THE DATA:
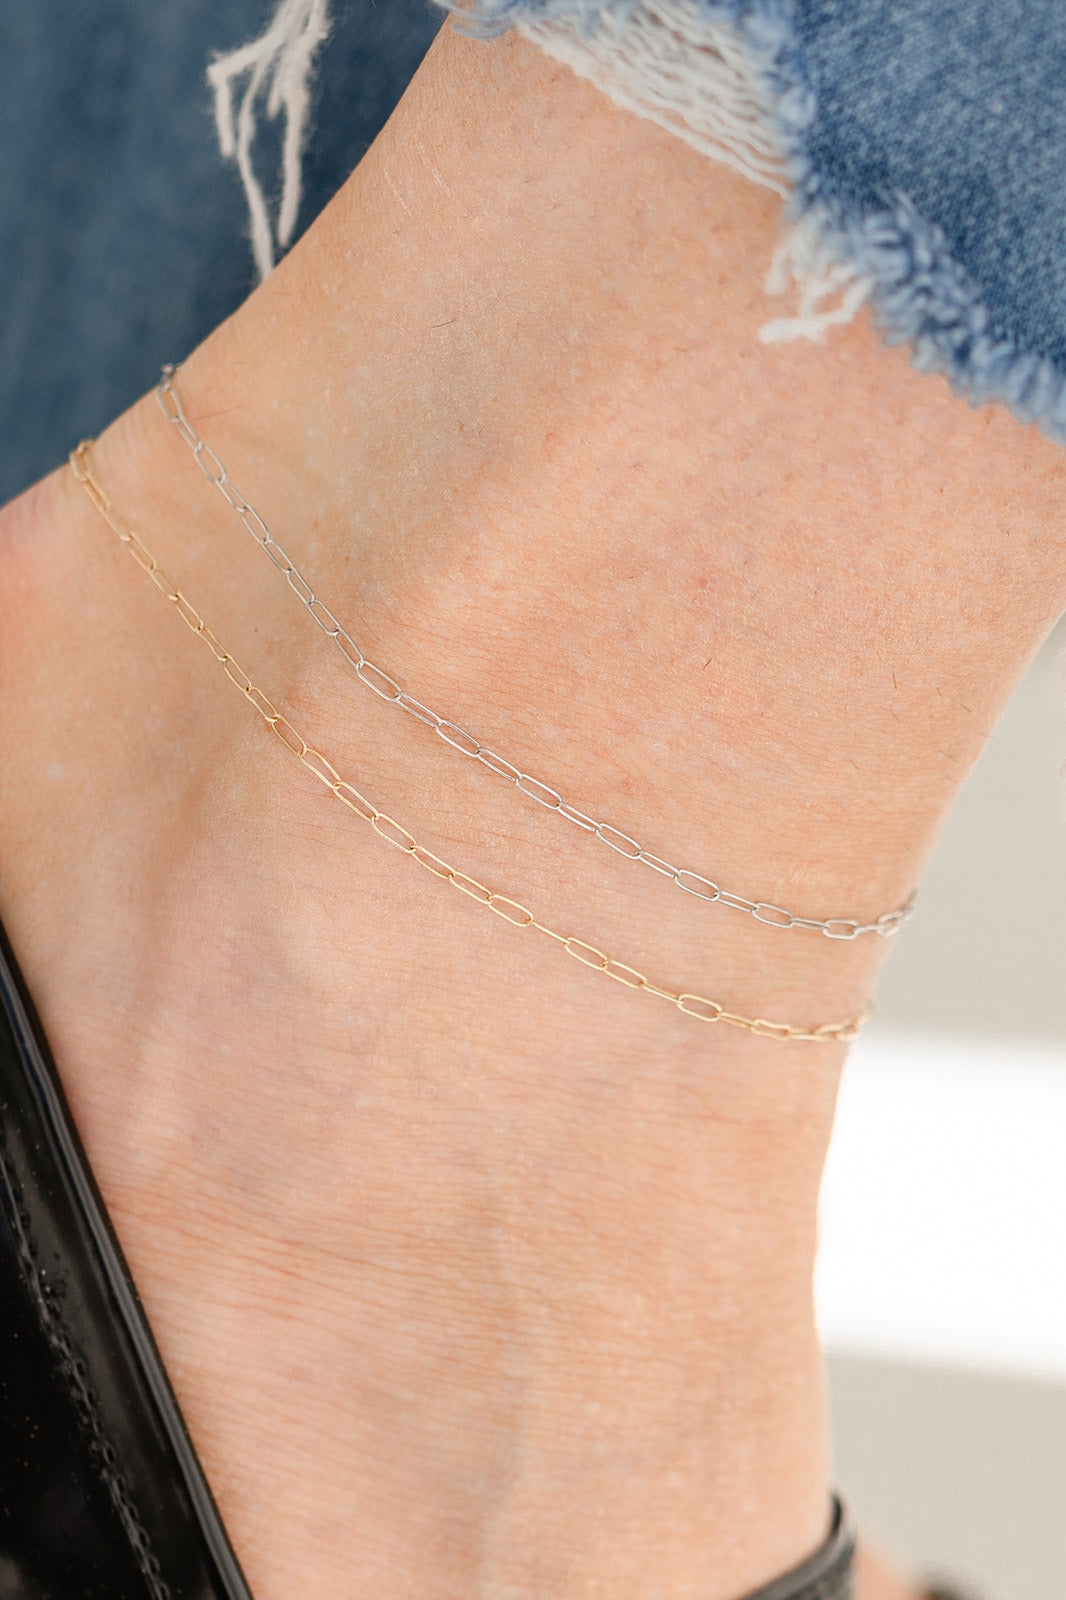 Permanent White Gold Chain Anklet
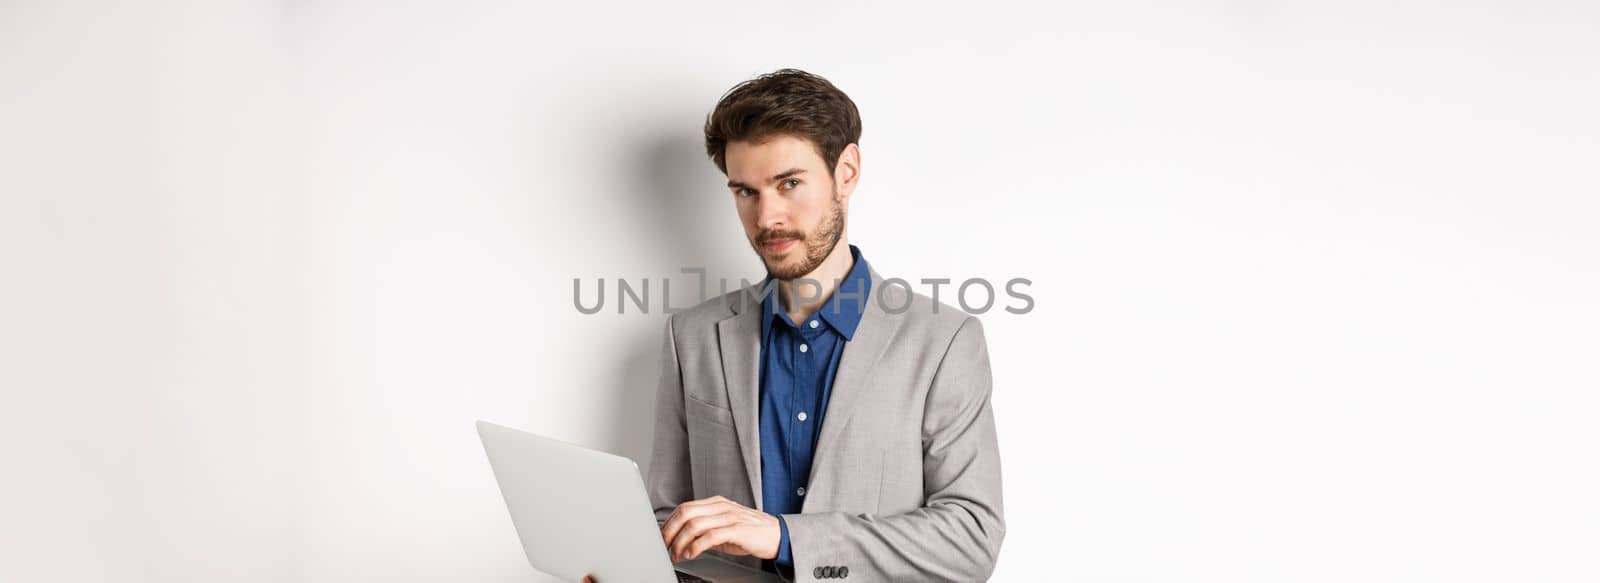 Handsome businessman in suit working on laptop, looking at camera confident, standing against white background.
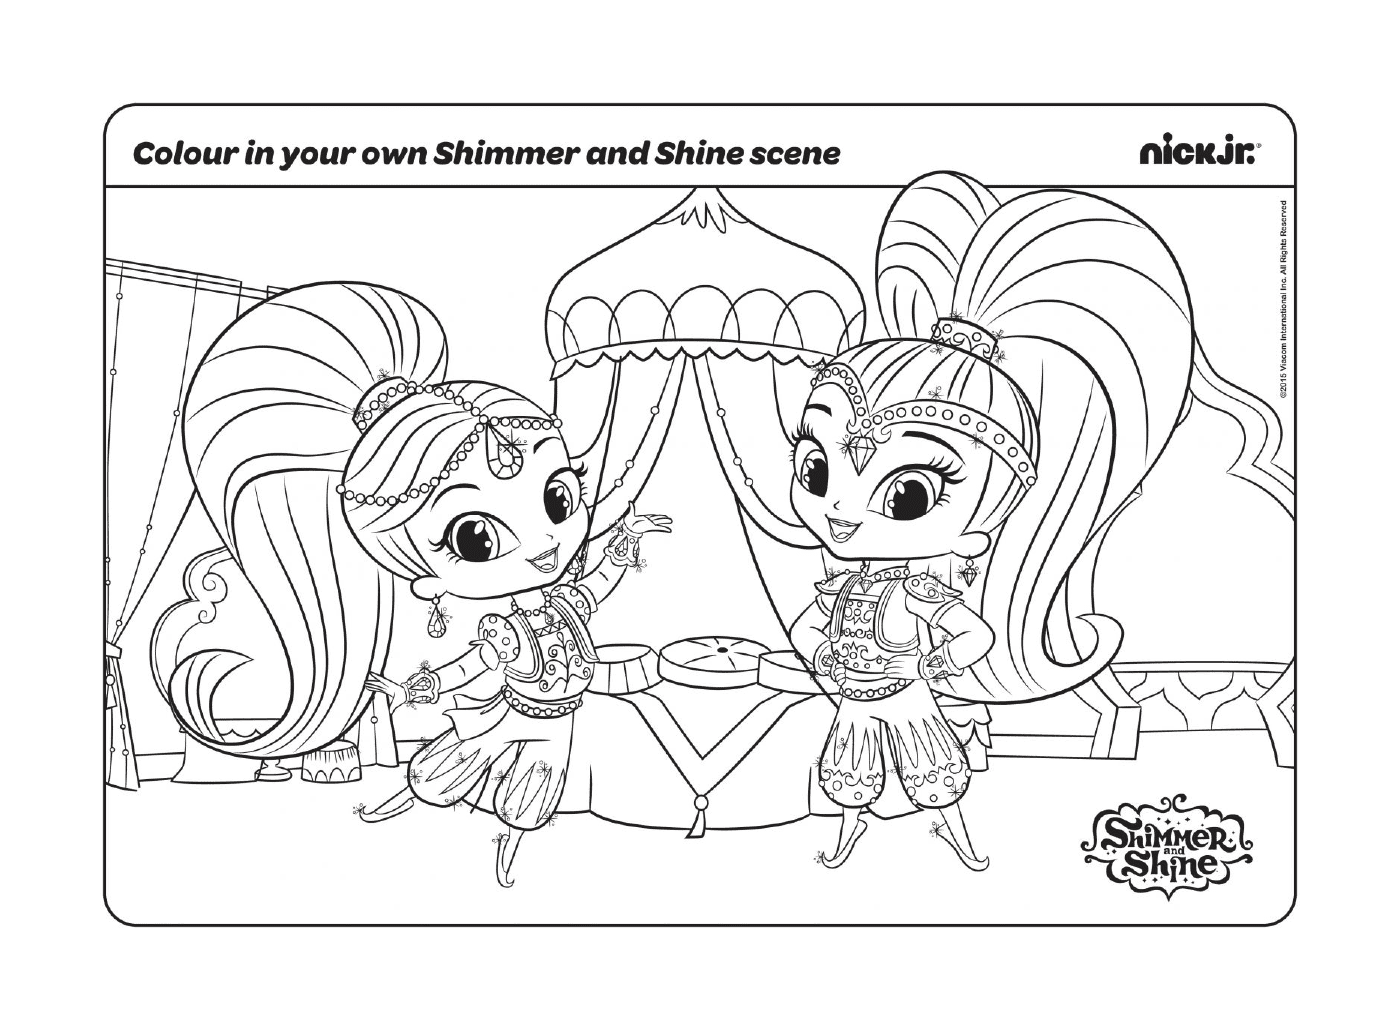 shimmer et shine Fun with Colouring Page
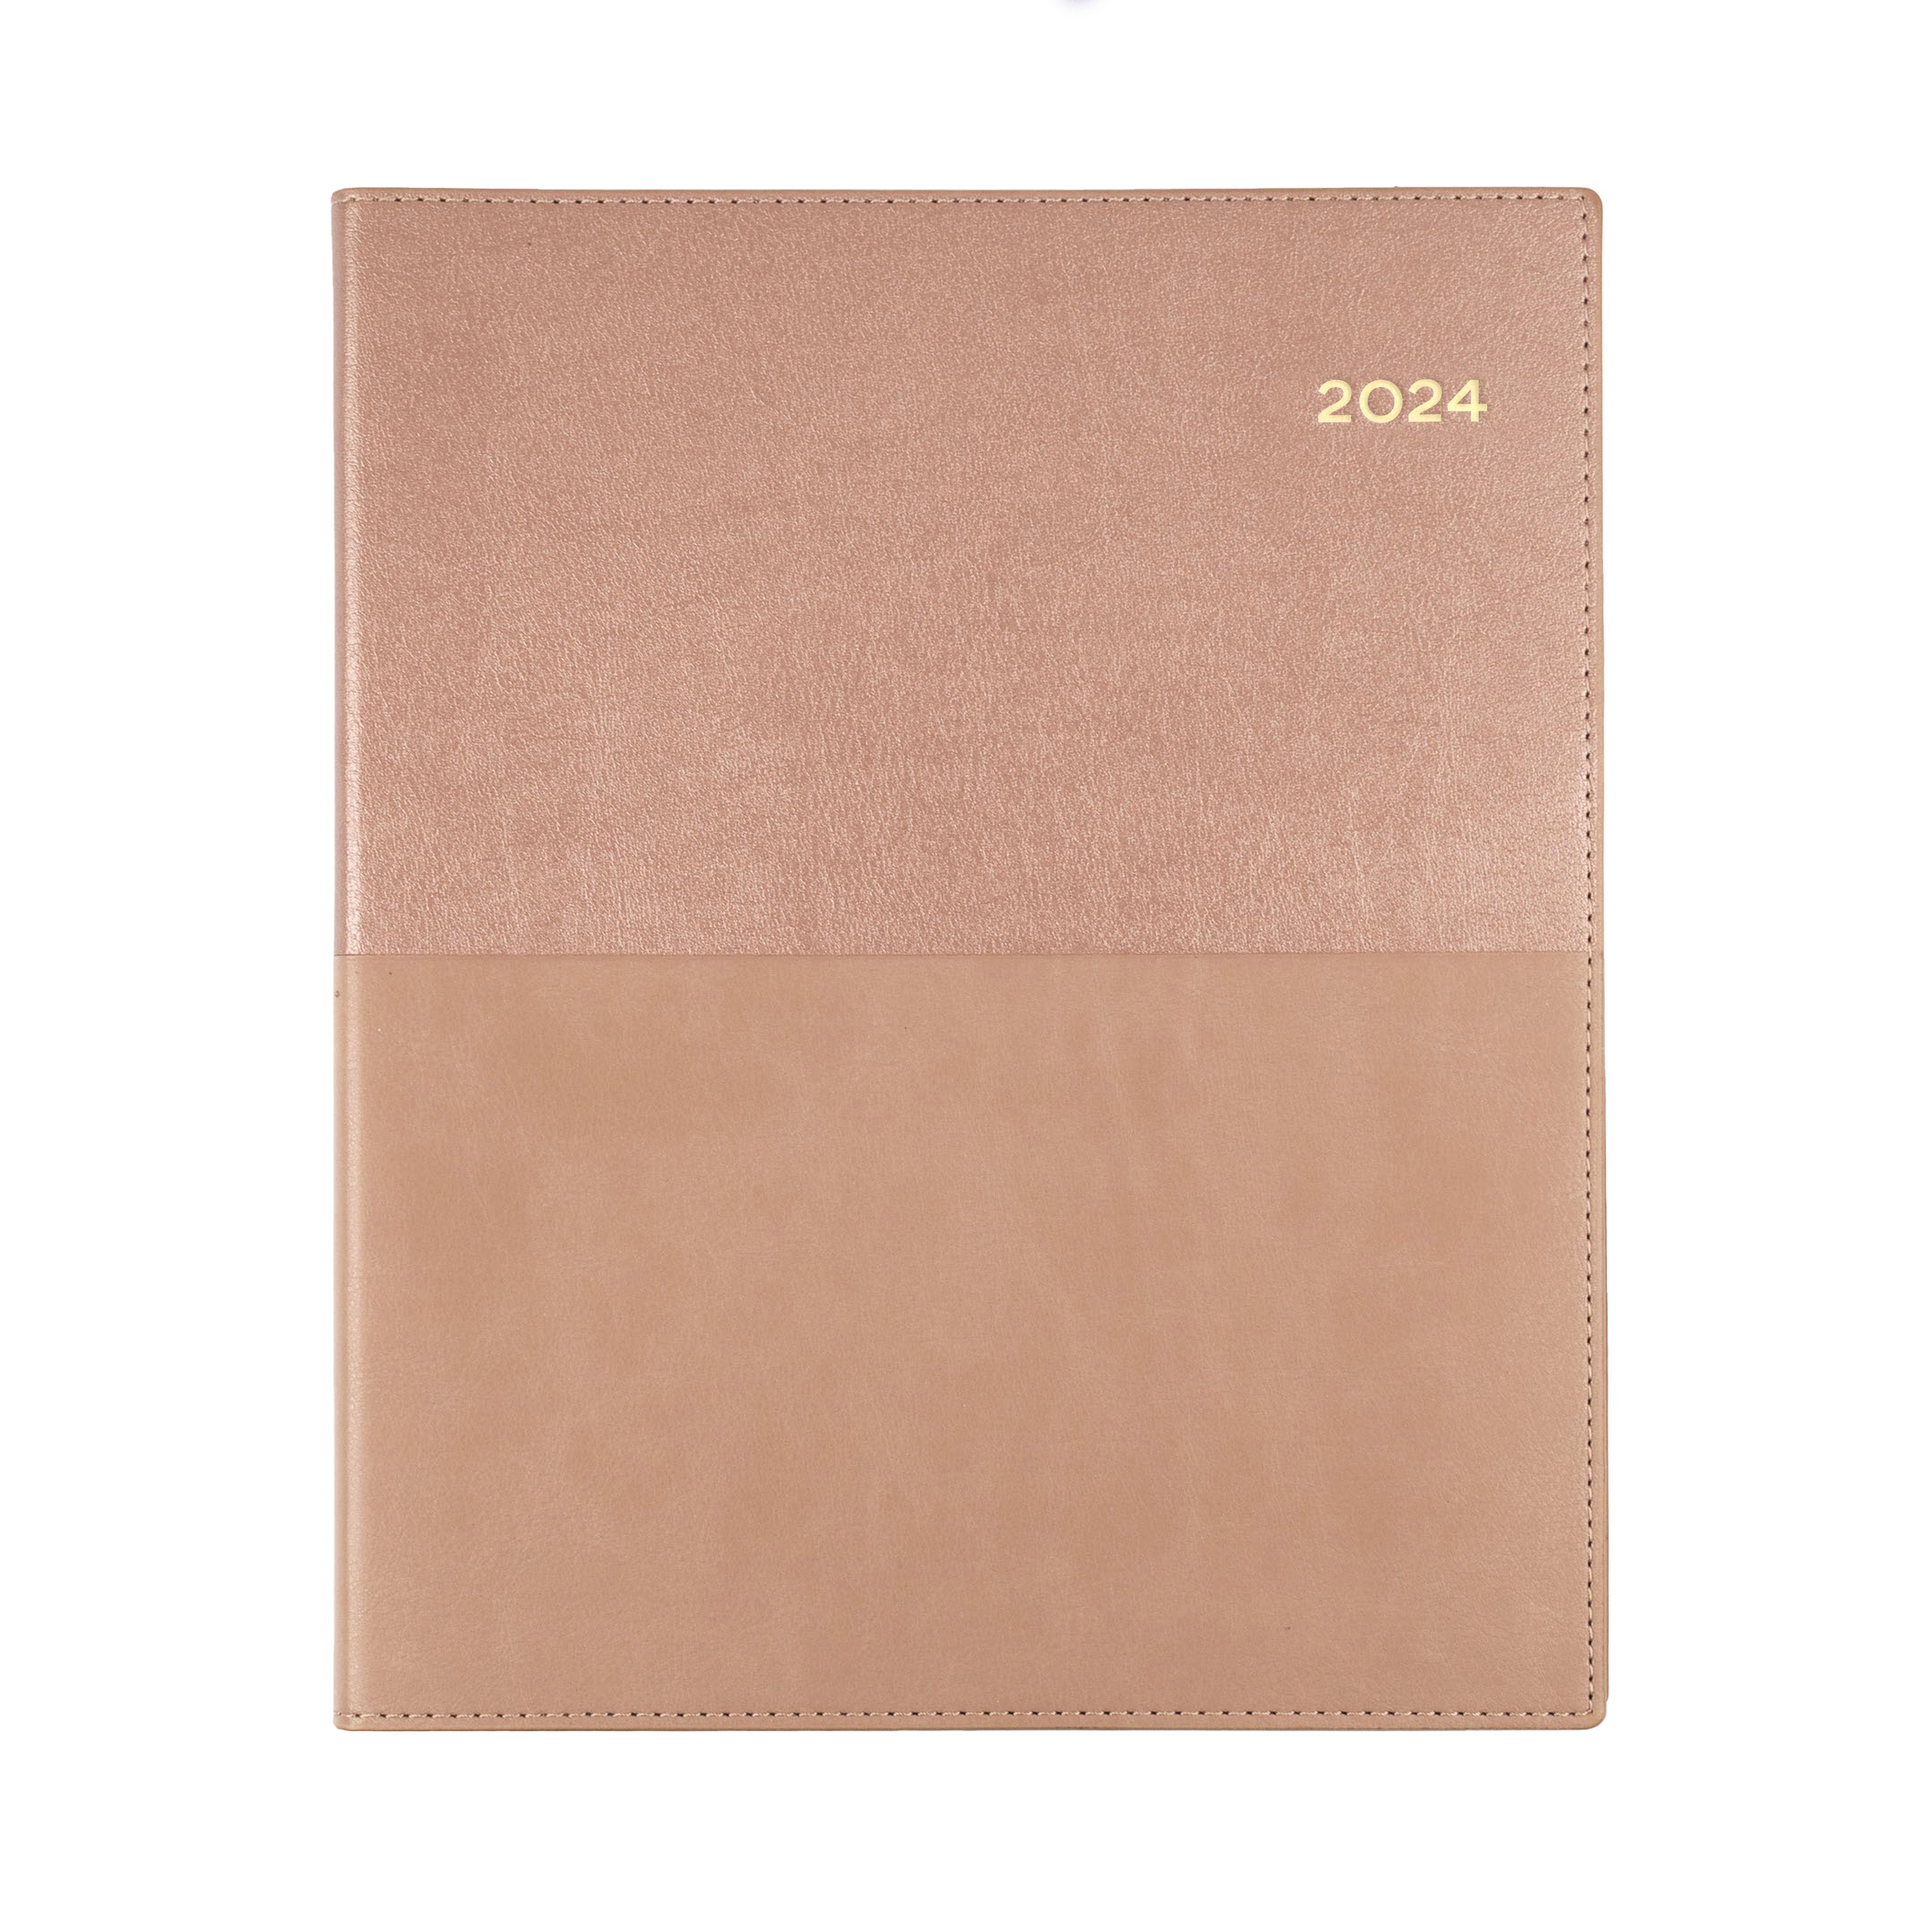 Collins Vanessa 2024 Diary - Vertical Week to View

YOUR OBJECTIVE: Please transcribe exactly the lines from the one containing "shimmer et shine Fun with Colouring Page" through the final line of the data, including both, and nothing else. Pictures are to be left out.

RESPONSE AREA:
 shimmer et shine Fun with Colouring Page
 Collins Vanessa 2024 Diary - Vertical Week to View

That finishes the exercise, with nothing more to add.